US Treasury Secretary Scott Bessent urged US President Donald Trump not to fire Federal Reserve Chair Jerome Powell recently, citing the risk of potential economic, political, and legal consequences, The Wall Street Journal reported.
Removing Powell before his term ends next spring could harm the financial market and put the Federal Reserve into uncharted legal and political territory, Bessent told Trump, the WSJ said.
He added that as the Fed is likely poised to cut interest rates this year, it is unnecessary to fire Powell, according to the report.
Trump said on July 17 that he is not planning to fire Powell, but he kept the possibility open.
Powell has been criticized by Trump for not cutting interest rates. Recently, Trump and his allies have focused on the Fed’s US$2.5 billion (HK$19.6 billion) renovation project, suggesting Powell could be fired over alleged “fraud” in managing it.

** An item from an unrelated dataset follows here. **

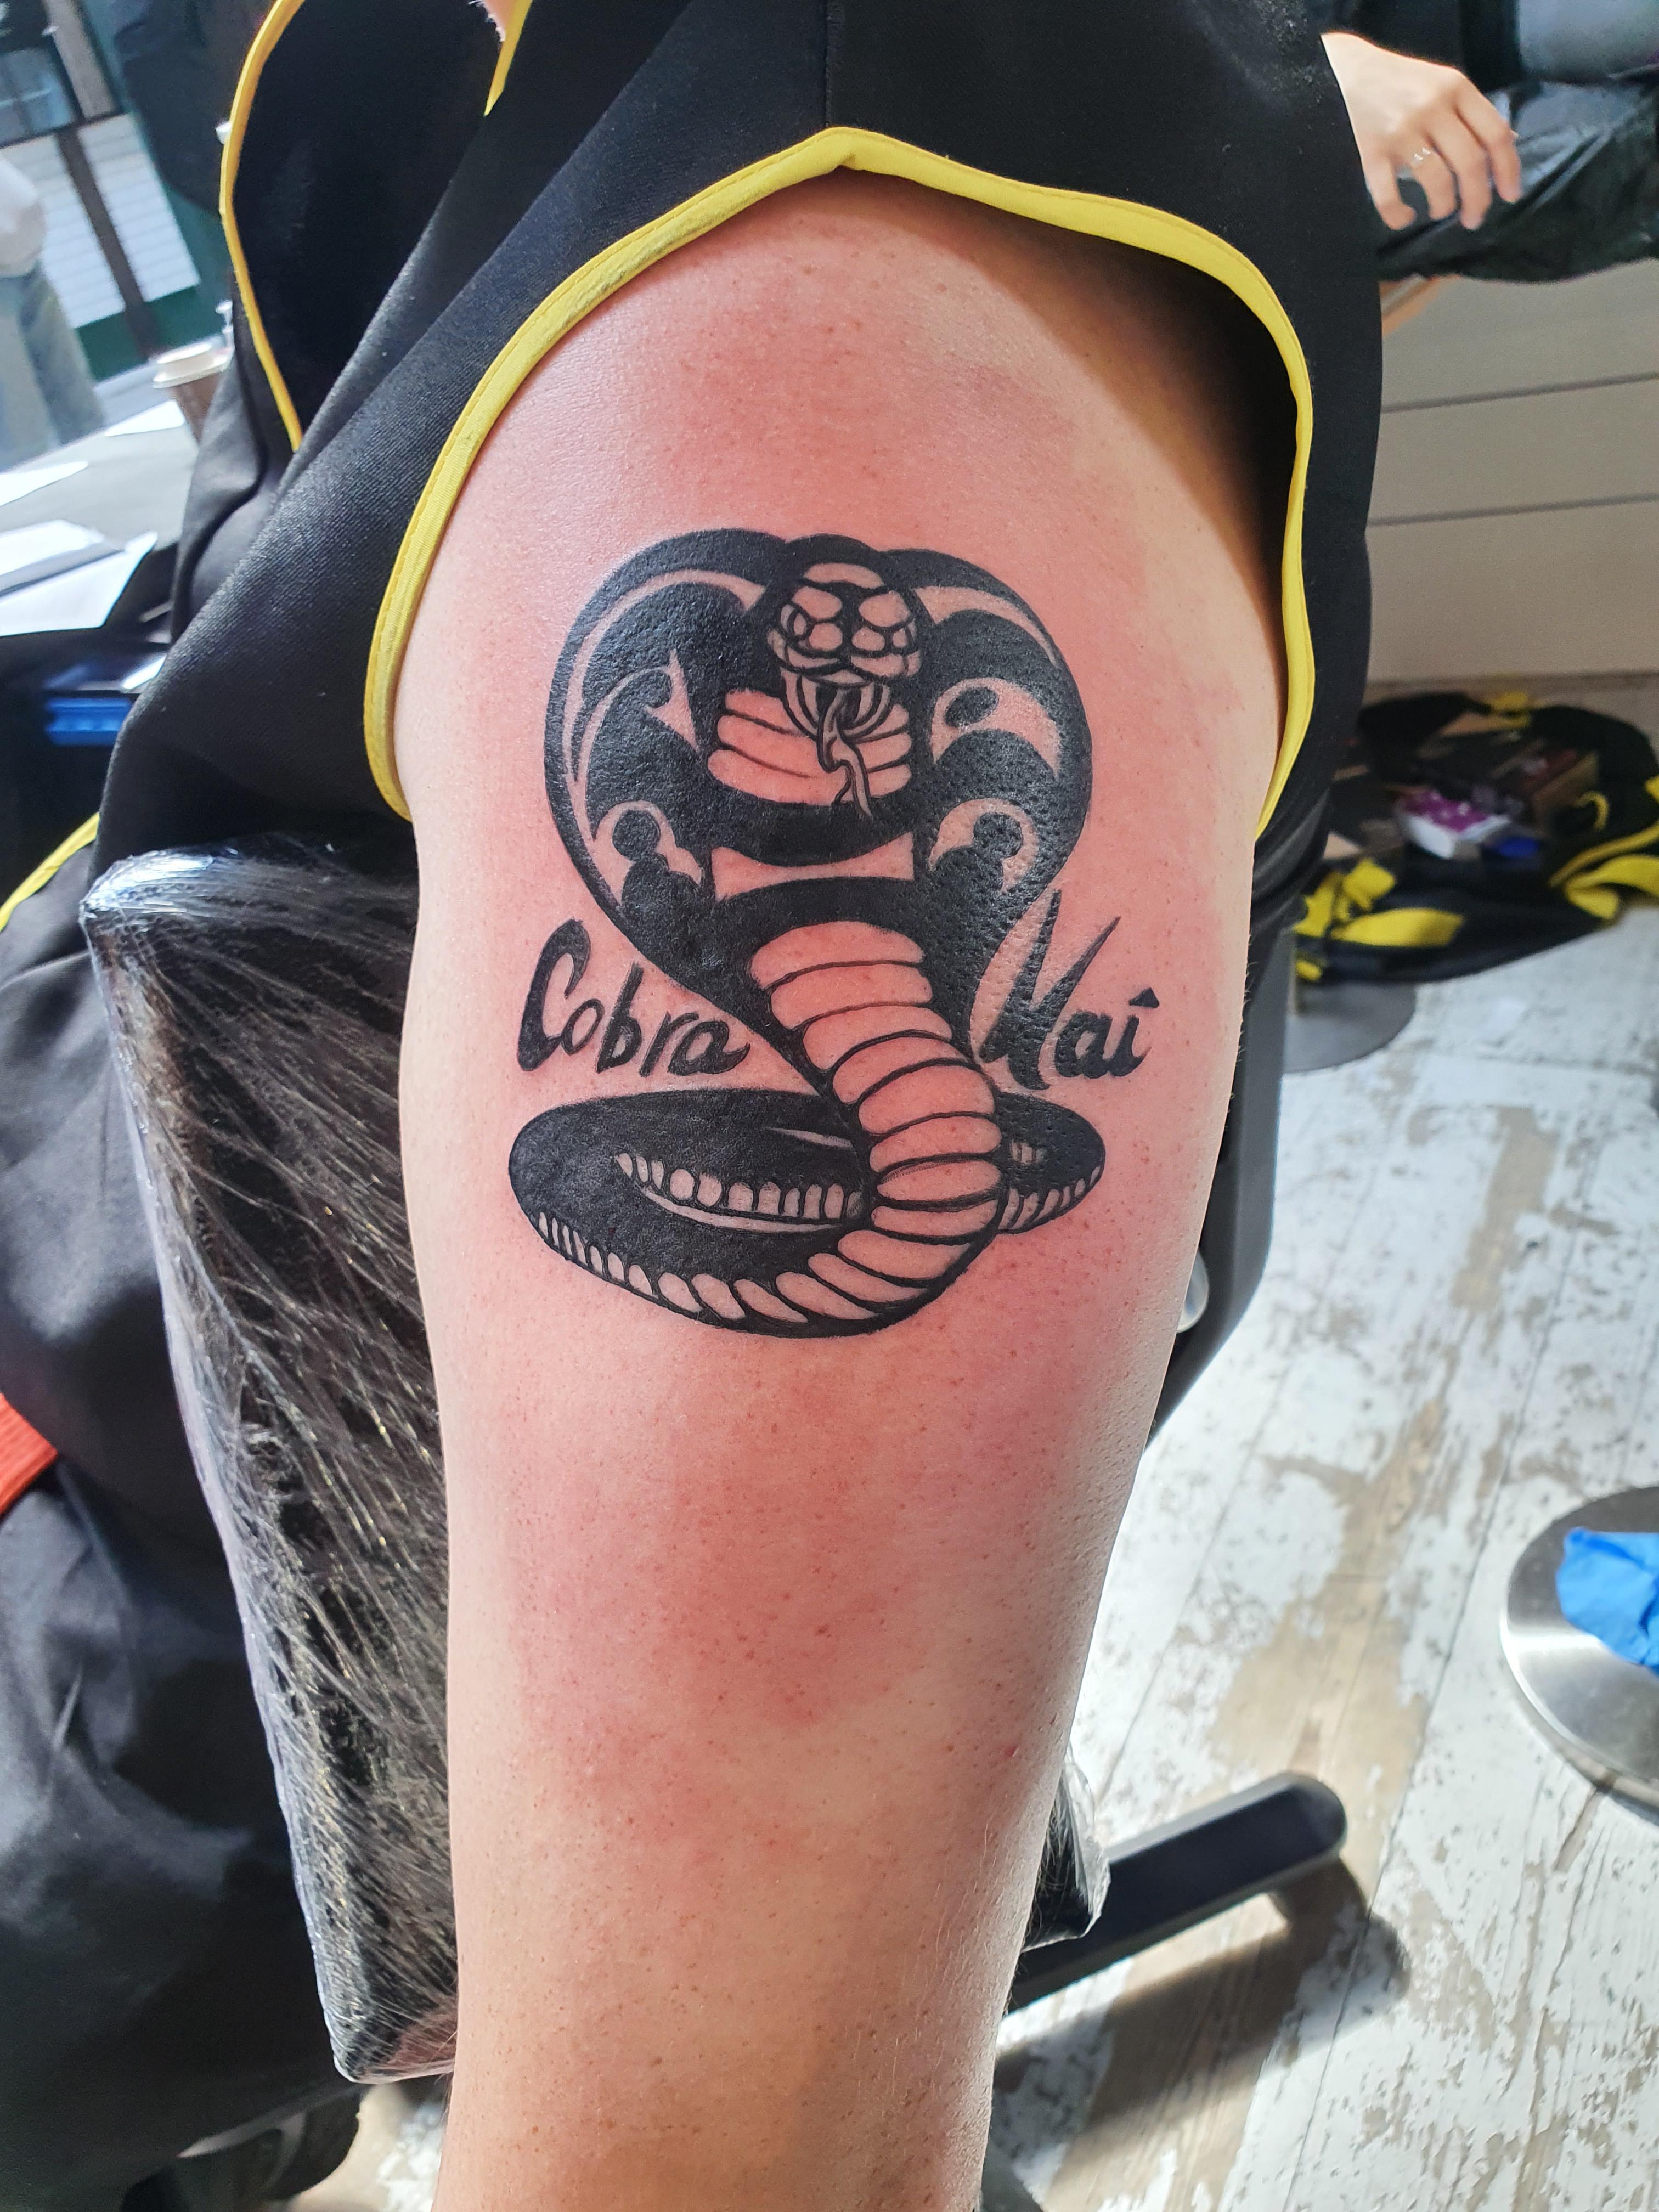 cobra kai tattoo

In response, Powell wrote in a letter on Thursday that he has asked the Fed’s independent inspector general to conduct a new review of the project.
He noted that no VIP dining rooms or private elevators were built, and added that both buildings required major structural repairs.
Earlier, Bessent said in an interview on Bloomberg that a “formal process” has already begun to find a potential replacement for Powell.
Even though Powell is gone, the US interest rate is determined by the Federal Open Market Committee, which consists of 19 members, 12 of whom have voting rights, and Powell is just one of those votes.
If the dismissal is confirmed, the US dollar is expected to drop as much as 3 to 4 percent within 24 hours, according to Deutsche Bank's research note.
The note indicated that the US fixed income would also face a 30 to 40 basis points sell-off, led by the back-end.
“In sum, we consider the removal of Chair Powell as one of the largest underpriced event risks over the coming months,” the report said.